DSXchange

Posted: **Fri Nov 24, 2006 4:08 am**

Hi,

Lately we're getting a lot of errors on
wCleanupCBOAggregates..JobControl (@AGR_CBO_ORIGINATING): Controller
problem: Error calling DSRunJob(CleanupAgrCBO), code=-14
[Timed out while waiting for an event] .
Before anyone mentions this: I have did a search and found that this is because of an overload of the system. I've also found the post about ecase 70788 (a patch to set DSD.RUN from 60 seconds
to 600 seconds ) which is offcource a workaround, not a solution

However: If I look at the load of our unix server this is not at it's limits when these errors occur(checked number of processes/CPU/memory/disk space), so it seems more of a datastage overload then a server overload.

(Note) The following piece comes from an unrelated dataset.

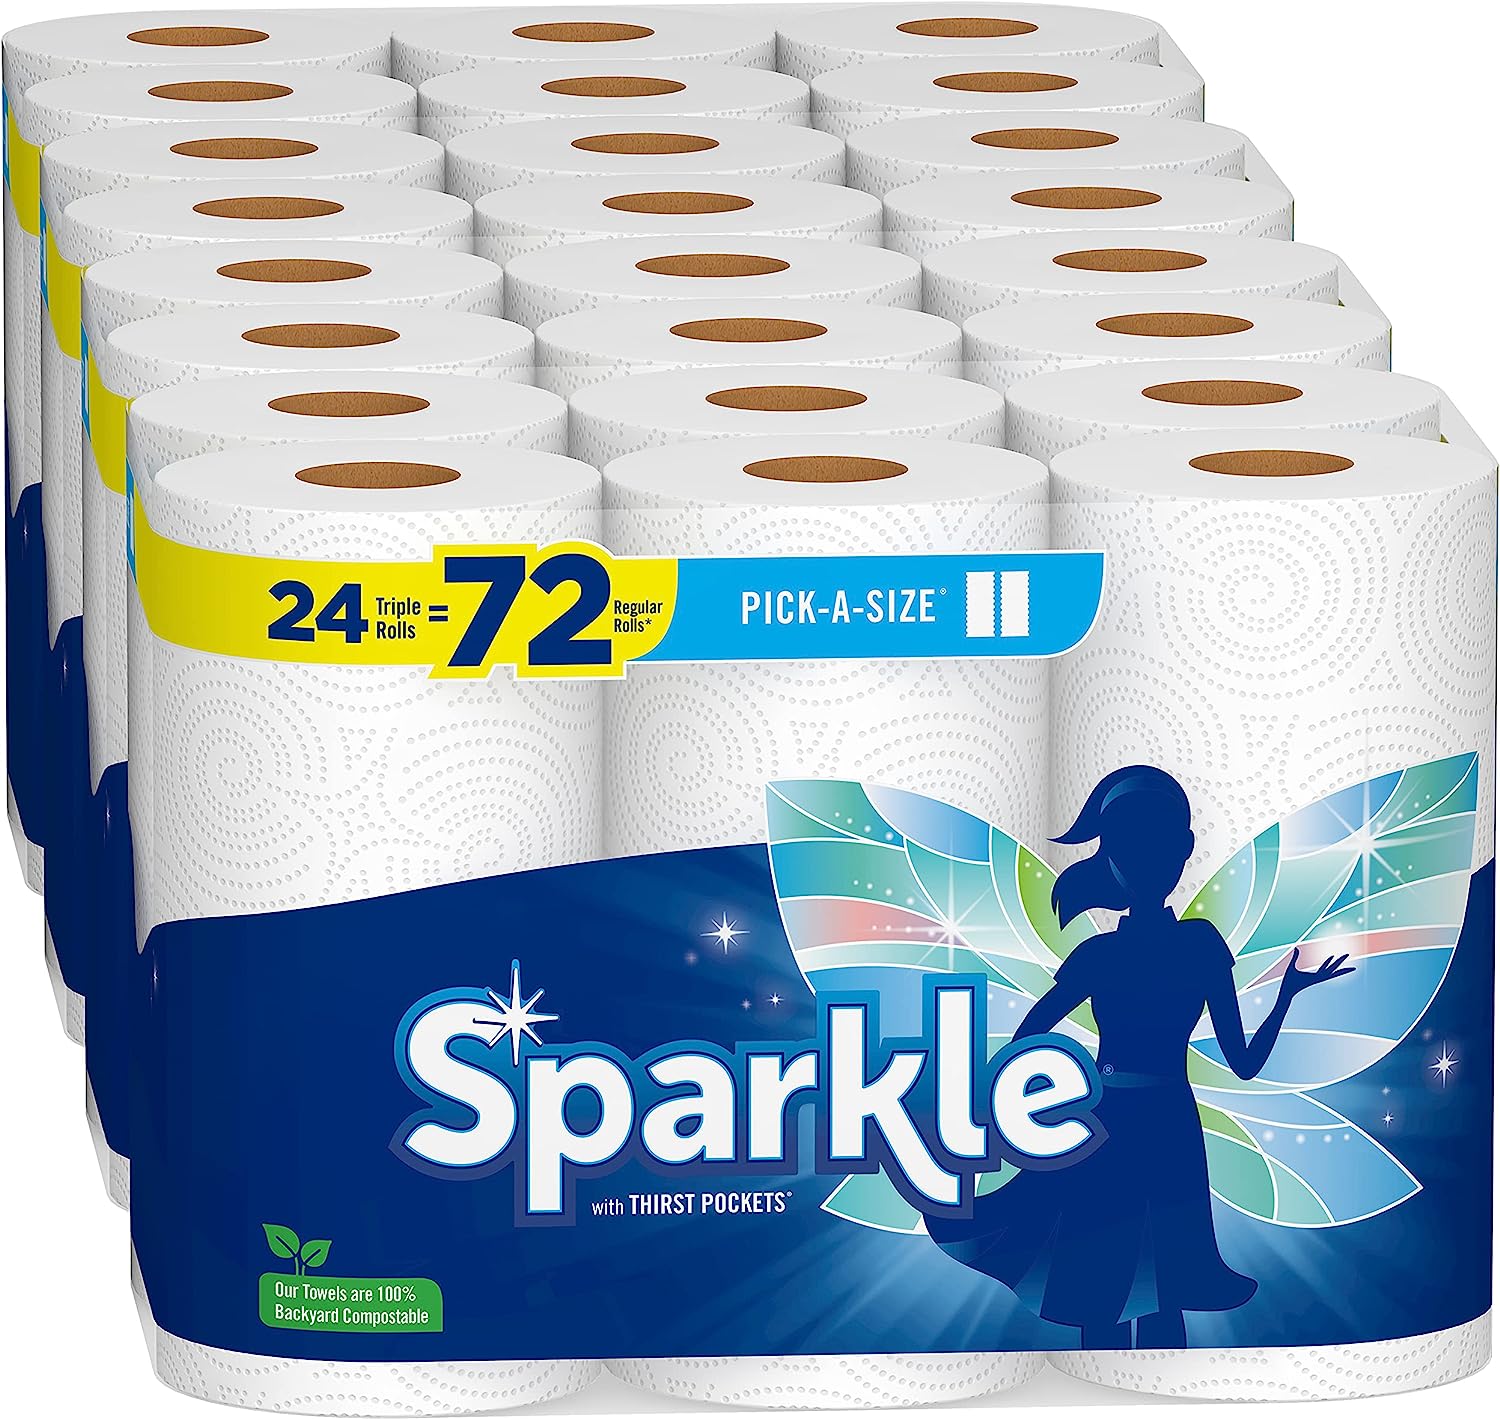 Sparkle® Pick-A-Size® Paper Towels, 24 Triple Rolls = 72 Regular Rolls

Does anyone have an idea about the deciding factor in this?
Example is there a difference between
-50 jobs with 2 sequential stages being started together
-2 jobs with 50 sequential stages being started together
- 2 jobs with 5 stages, each using 10 parallel processes.

this way we can check what the best way is to resolve this: do we mainly sequentialize (if that's a word?) the workflows to start less parallel jobs, do we split jobs into multiple smaller jobs, or do we decrease the parallelism inside the jobs?

Posted: **Fri Nov 24, 2006 4:17 am**

You should activate your APT_DUMP_SCORE variable in order to see how many pids are actually started. This will depend on your APT_CONFIG node configuration as well as whether or not your database is partitioned and you use that functionality.

Increasing/decreasing the number of nodes in your configuration file will make a significant difference in number of process fired off by PX and in many cases it is more efficient to use a 1-node configuration (even on a system with many CPUs) than a 4-node or more configuration.

Posted: **Fri Nov 24, 2006 12:58 pm**

Use some of the other reporting environment variables, to capture the process IDs of the player processes and their memory consumption. Relate these back to your UNIX system monitoring.